Под окном раздаётся осторожный вопрос Конёва:

– Наши – тут? Ну, слава те господи! Заплутал я, брат, собак взбудил, еле на кулаки не попался… на-кось держи!

Он подал мне большой арбуз, потом сам ввалился в окно, отряхиваясь и шумя.

– И хлебца добыл довольно. Думаешь – украл всё? Ни-ни! Почто красть, коли выпросить можно? Я ловок на это, умею подсыпаться к людям. Иду – вижу: в хате огонь, за столом люди ужинают, – а где много людей, там всегда один добрый есть! Вот – и поужинал, и выпил, и вам притащил… эй, бабоньки!

Они не отвечали.

– Дрыхнут, курвины дочери. Бабы?

– Чего надо? – сухо спросила рязанка.

– Арбузу хотите?

– Спасибо.

Конёв стал осторожно подвигаться на голос.

– А хлеба? Пшенисный хлеб, мягкий… просто как ты…

Подруга рязанки сказала голосом нищей:

– Дай мне хлебца…

– То-то же! Где вы тут?

– Мне и арбузу…

– Ты – которая?

– Ой! – болезненно вскрикнула рязанка. – Куда те несёт, пострел?

– Не кричи… темно…

– Спичку бы зажег, чорт.

– Сам-четвёрт. Спичек у меня мало. Ежели я схватился за тебя, не велика беда. Муж бил – больней было. Бил муж-то?

– А тебе что?

– Любопытно. Эдакую бабёночку…

– Ты – слушай… ты – не тронь… а то…

– А что?

Они спорили долго, бросая друг в друга какими-то короткими и всё более злыми словами, наконец рязанка глухо крикнула:

– О, чорт паршивый… туда же…

Началась возня, раздались удары по мягкому, Конёв скверно хихикал, а пензенская промямлила:

– Не балуйте, бесстыжие…

Я зажёг спичку, подошёл к ним и молча оттащил Конёва прочь, это не обидело его, а как будто только охладило: сидя на полу в ногах у меня, отдуваясь и поплёвывая, он говорил увещевающим голосом:

– С тобой, дура, играют, а ты – эко, разошлась!.. Убудет тебя…

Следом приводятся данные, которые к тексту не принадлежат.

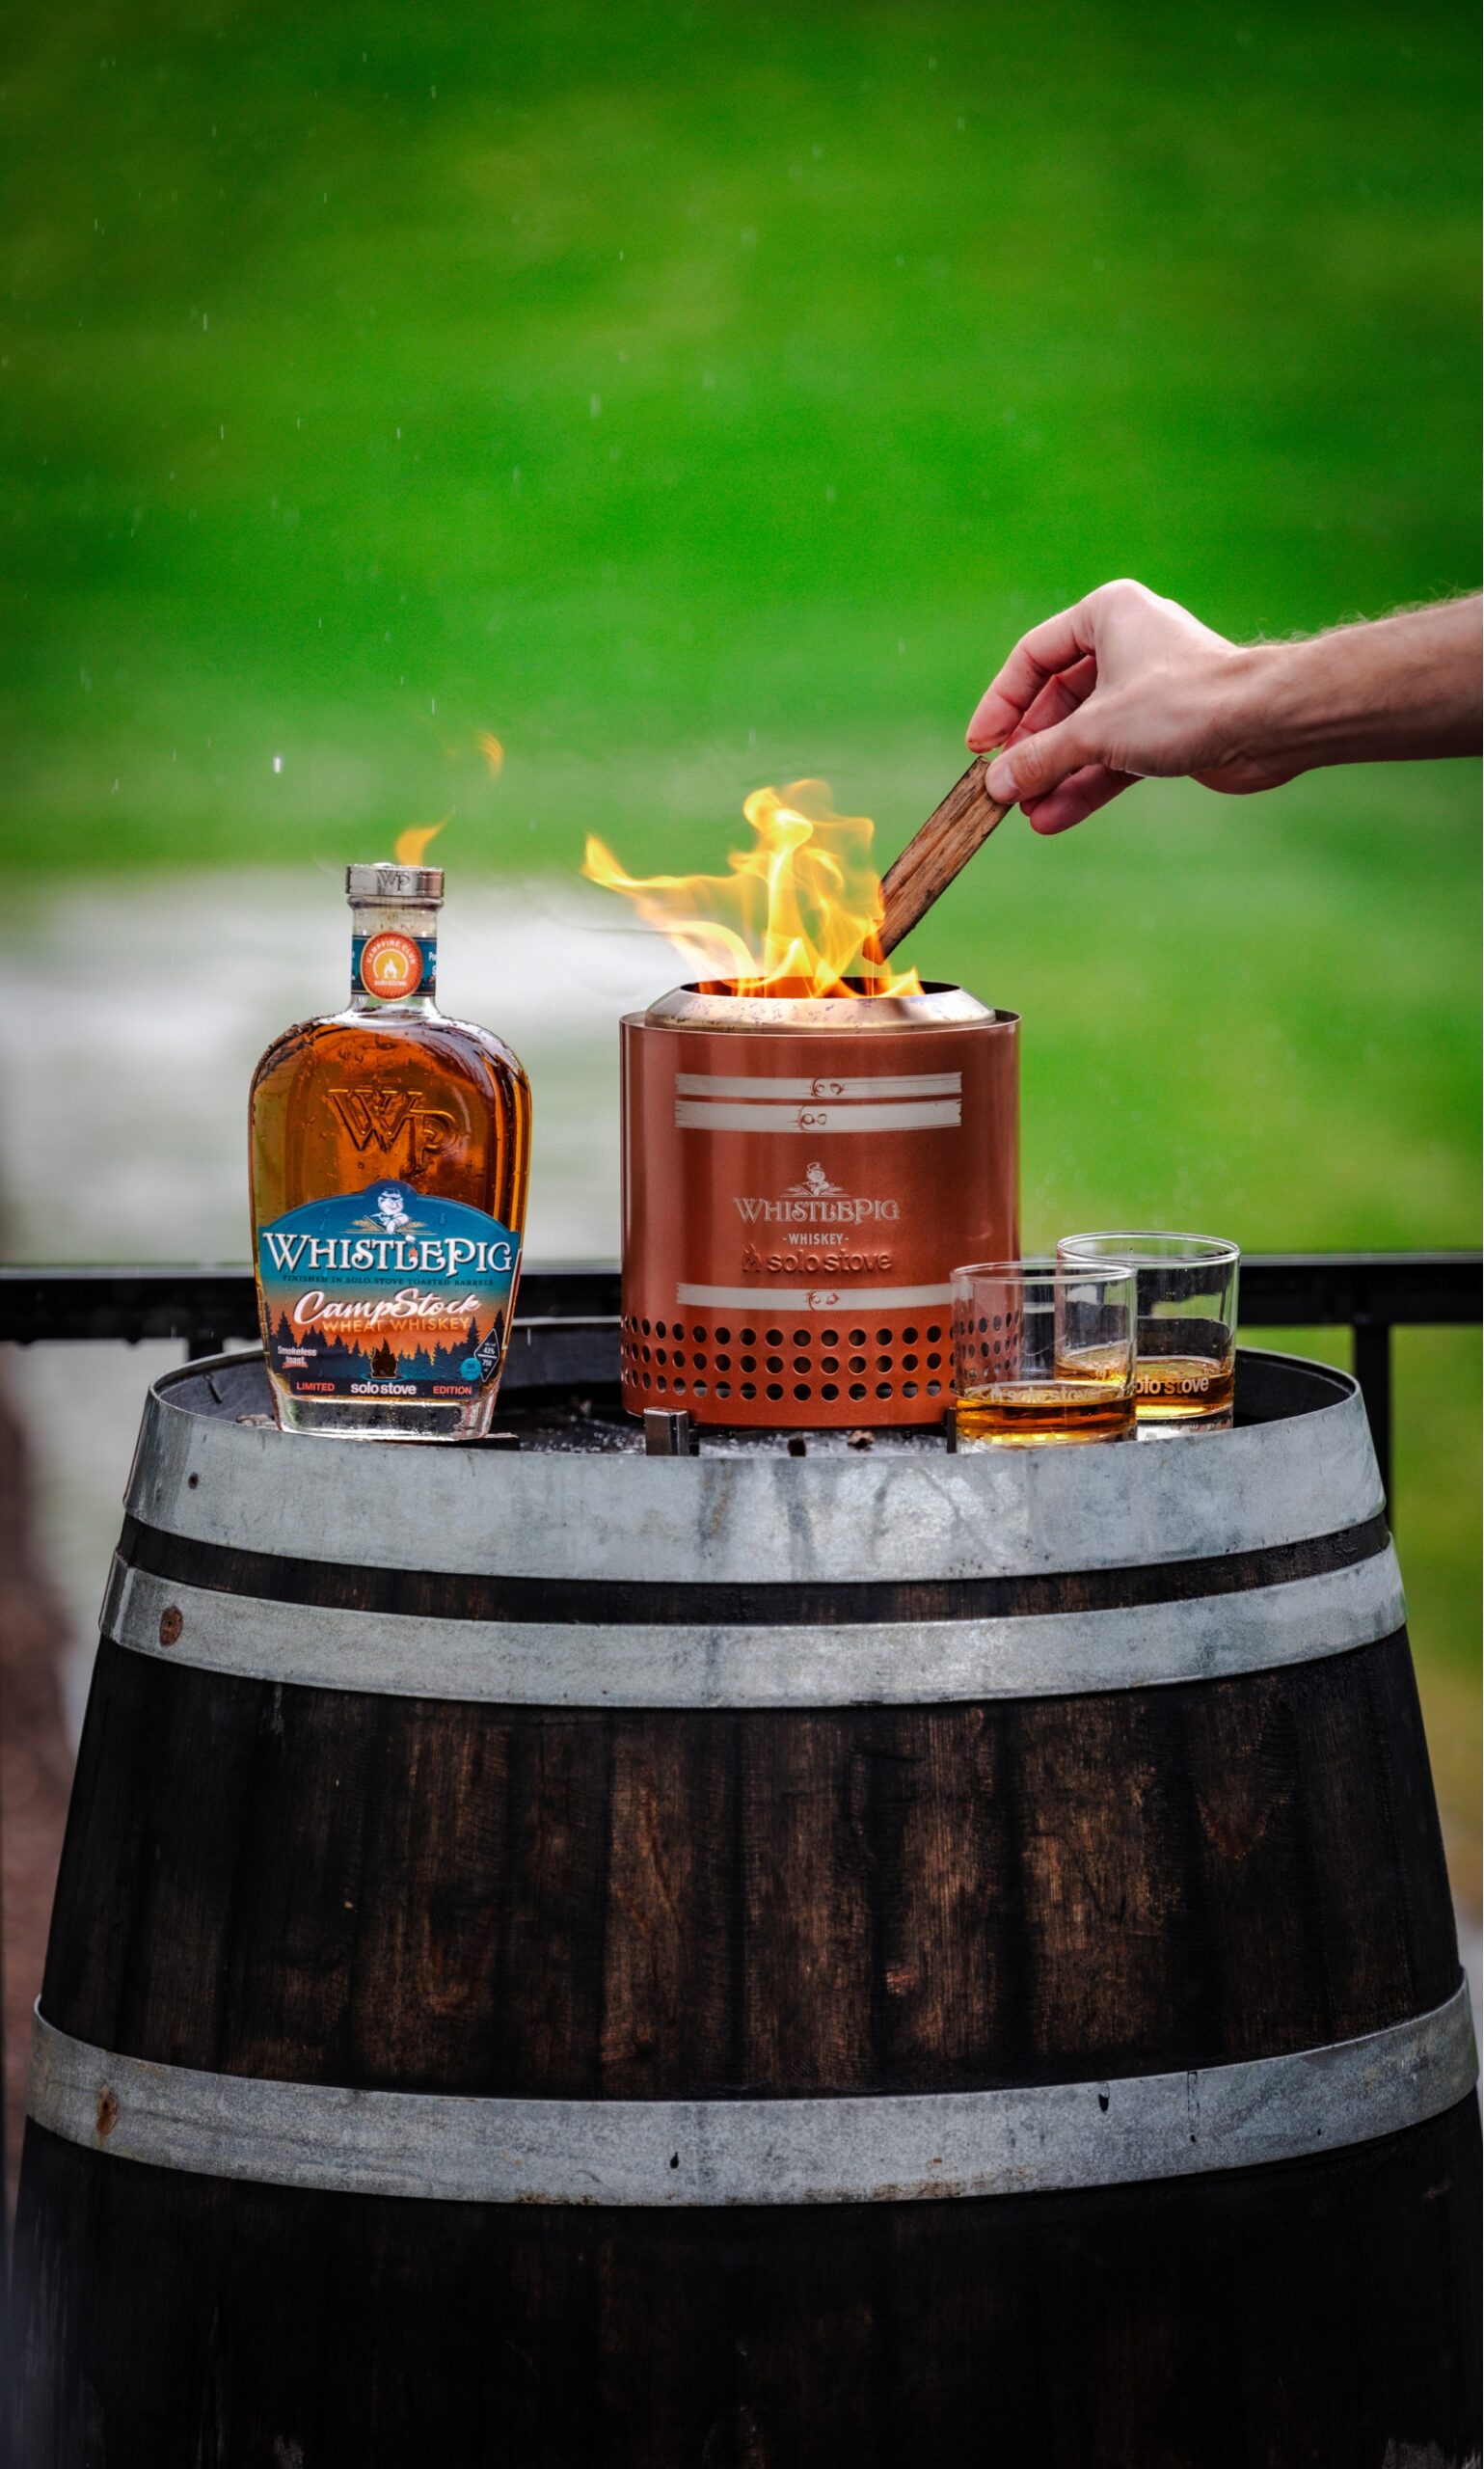 CampStock Wheat Whiskey - A New Collaboration from Solo Stove & WhistlePig

– Получил? – спокойно спросили из угла.

– Ну, так что? Губу разбила… важность!

– Подкатись-ка ещё, я те и башку разобью…

– Лошадь! Глупость деревенская… И ты тоже, – обратился он ко мне, – тащишь за что попало в руки… одёжу рвёшь…

– Не обижай человека.

– Чудак, – не обижай! Разве бабу этим обидишь?

И со смешком, грязно, он начал рассказывать о том, как ловко бабы умеют грешить, как они любят обмануть мужика.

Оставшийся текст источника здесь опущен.